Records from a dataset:
○ ○ ○ ○
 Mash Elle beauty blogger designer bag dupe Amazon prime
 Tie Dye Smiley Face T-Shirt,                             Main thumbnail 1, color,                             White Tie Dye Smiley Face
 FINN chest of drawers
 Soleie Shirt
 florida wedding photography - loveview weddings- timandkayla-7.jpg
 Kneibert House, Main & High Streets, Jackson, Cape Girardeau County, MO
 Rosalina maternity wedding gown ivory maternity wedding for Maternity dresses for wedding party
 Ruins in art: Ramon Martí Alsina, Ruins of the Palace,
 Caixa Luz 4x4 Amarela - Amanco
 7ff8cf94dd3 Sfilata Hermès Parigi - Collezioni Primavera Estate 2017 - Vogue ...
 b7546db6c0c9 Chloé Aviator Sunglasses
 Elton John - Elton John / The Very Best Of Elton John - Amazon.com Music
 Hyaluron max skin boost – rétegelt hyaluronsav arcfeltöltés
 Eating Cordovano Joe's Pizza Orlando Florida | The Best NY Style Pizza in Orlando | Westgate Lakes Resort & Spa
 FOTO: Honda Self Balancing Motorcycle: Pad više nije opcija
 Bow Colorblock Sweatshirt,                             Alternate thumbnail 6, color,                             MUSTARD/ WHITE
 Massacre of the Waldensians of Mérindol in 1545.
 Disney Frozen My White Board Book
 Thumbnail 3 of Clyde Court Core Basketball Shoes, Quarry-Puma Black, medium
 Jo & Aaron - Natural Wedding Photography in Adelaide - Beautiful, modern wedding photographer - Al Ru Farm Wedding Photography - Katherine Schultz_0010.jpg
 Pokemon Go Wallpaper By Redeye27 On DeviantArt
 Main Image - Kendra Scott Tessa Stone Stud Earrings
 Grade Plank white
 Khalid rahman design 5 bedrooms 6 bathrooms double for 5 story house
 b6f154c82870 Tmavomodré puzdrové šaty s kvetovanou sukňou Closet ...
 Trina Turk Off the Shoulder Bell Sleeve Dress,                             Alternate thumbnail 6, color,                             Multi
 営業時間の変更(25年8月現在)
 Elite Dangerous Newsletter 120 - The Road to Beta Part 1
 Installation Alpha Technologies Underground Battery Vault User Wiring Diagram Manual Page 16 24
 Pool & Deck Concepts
○ ○ ○ ○
**Work task**:
Go through the records. Copy each line where "color" appears.

**Task response**:
 Tie Dye Smiley Face T-Shirt,                             Main thumbnail 1, color,                             White Tie Dye Smiley Face
 Bow Colorblock Sweatshirt,                             Alternate thumbnail 6, color,                             MUSTARD/ WHITE
 Trina Turk Off the Shoulder Bell Sleeve Dress,                             Alternate thumbnail 6, color,                             Multi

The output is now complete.